Comic haul – Spidey & Steve Canyon

I went to a comic book show in the northern burbs Sunday and leafed through some back issues in the fifty cent and dollar bins. I found a few things that I had owned before during a period where I was collecting, and thus reading, various series of Spider-Man comics. In the 2000’s, I tried collecting some semblance of a complete collection, or at least complete stories including reprints, of Spectacular Spider-Man and Web Of Spider-Man (with Amazing Spider-Man being a little out of reach because of the price of early issues). I actually had most of Spectacular and Web Of before selling both for some reason or another, because I wasn’t re-reading them.

There was a period of both titles,  especially when they crossed over, that had a heavy mob-war theme. Kingpin’s right hand cronies, the Chameleon, the Lobo Brothers, and Kingpin’s son aka The Rose and his friend who impersonated him, and…Hobgoblin. It was probably the best those comics could do at the time as far as intrigue and going beyond the usual bad guys fighting good guys for no reason.

This Hobgoblin working with The Rose wasn’t the original Hobgoblin. That was a mystery being very slowly set up by writer Roger Stern, one of the best Spider-Man writers who along with artist John Romita Jr. introduced Hobgoblin in such a dramatic arc as truly one of the more interesting villains since…well, the original Green Goblin. He had a pretty grand plan in building up who the Hobgoblin would be, BUT was taken off or left Amazing Spider-Man, and the title(s) were then written by guys like Peter David and editors Tom  DeFalco and Christopher Priest (under the name Jim Owsley).

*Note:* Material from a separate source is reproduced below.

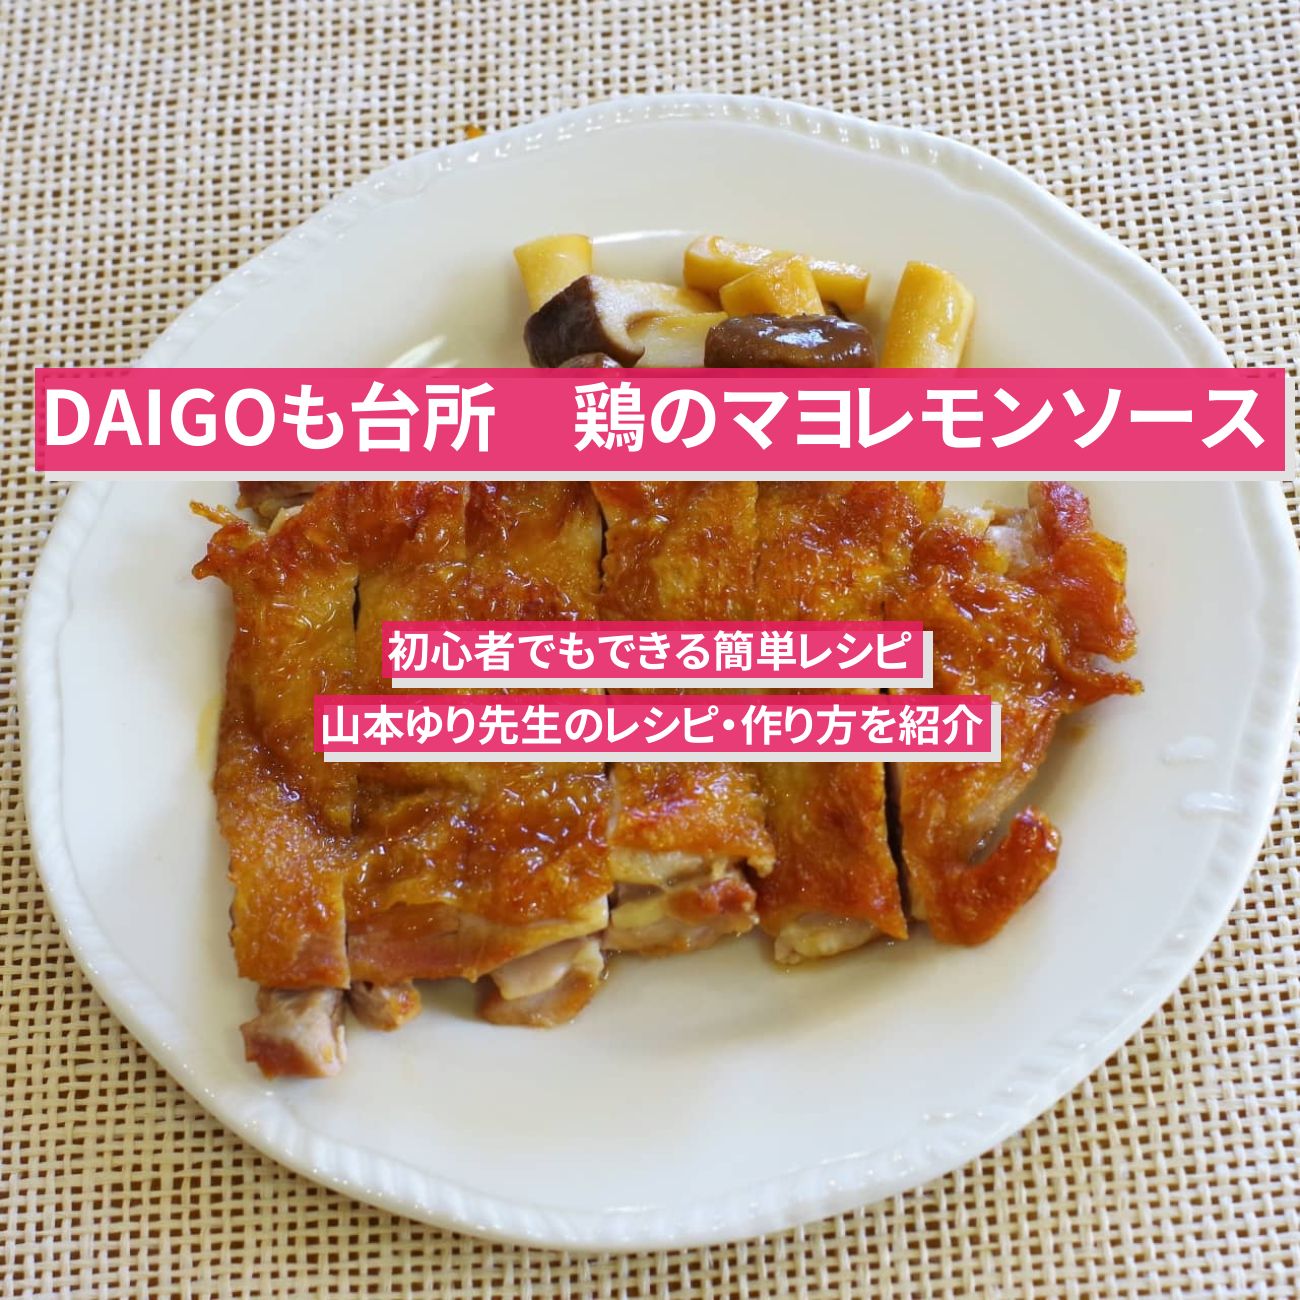 【DAIGOも台所】『鶏のマヨレモンソース』山本ゆり先生のレシピ・作り方を紹介〔ダイゴも台所〕

A conundrum was created; supposedly Stern told DeFalco who he had intended to reveal as the real Hobgoblin, DeFalco didn’t like that, and when the other writers asked who it should be, DeFalco claims he was joking when he answered “Ned Leeds,” Peter Parker’s one time rival for Betty Brant’s affections early on in the comic’s run.

As a result:

Not pictured is Amazing Spider-Man 289, the 3rd part of this Hobgoblin reveal. I found the book on the left today for 50 cents, and the Web Of on the right sometime earlier this year also for fifty cents. These were both collectors items for a long time, with the Web Of #29 having a higher price tag from sellers often more than the #1 of this series. In it,  Leeds is killed off panel and revealed to be Hobgoblin, and in Web Of the real Hobgoblin is shot and presumably killed. And probably with no consideration from the Marvel team responsible that that’s who was intended to be revealed as Hobgoblin.

Several years later, Roger Stern got to come back and set things straight.

Hobgoblin Lives lets everyone at the Daily Bugle revisit the murder of Ned Leeds, as they all think about the unlikeliness that Leeds could have been responsible for so many crimes. There’s a lot of ridiculous comic book science with mind control and people serving as decoys, and maybe some comic book retconning of plots, but it’s Stern getting to set things straight and fix what maybe all readers felt was broken. the Spectacular Spideys in the pic are a follow up to Hobgoblin Lives where Norman Osborn, that rascally old rich guy who survived being impaled by his rocket glider, got to have his revenge on the true Hobgoblin. Though this Hobgoblin had resurfaced in a few Spidey plots in recent years (including yet another fakeout death), this seemed like Stern giving this character a fate he thought the character deserved.

I struck up a correspondence with Darick Robertson around the time he started working on Transmetropolitan, and he mentioned that this was one of his recent comic books. I found #1, a tale where Peter Parker and a pregnant Mary Jane moved to Portland to stay out of the way of Ben Riley who took over as Spider-Man. That was sometime in 1996, and I never found the other three issues of this miniseries until today! The issues from what I recall looked pretty good but the coloring was a little off. There’s also a lot of inkers working on the last issue so, leafing through that particular one, it looks a little sloppy, which is a bummer because Robertson’s art is usually solid, with great simple but easily recognizable figures fitting in with well detailed backgrounds. Transmetropolitan is proof of this. Anyway, glad to finally have these after 20 years of first hearing about it.

This was probably the best pickup of the day. $5! I remember finding some Terry & The Pirates collections, with four strips per magazine size page. It was much different than usual laff-a-day strips that had a more square-shaped design to match those strips size. This reprint is normal comic-book/graphic novel size, which means that these very heavily inked strips are shrunk down, (usually) four panel strips, four per smaller page. IDW had re-released both Terry & these Steve Canyon strips, but I hadn’t been able to afford them. I’m interested in checking these out, and am already amazed by the first three panels of a dapper-dressed man looking for the main character’s office. A lot to learn about the set up and pacing of these kinds of adventure strips.

A fun haul. I’ll probably re-read those Spidey comics and then give them to the kids at work.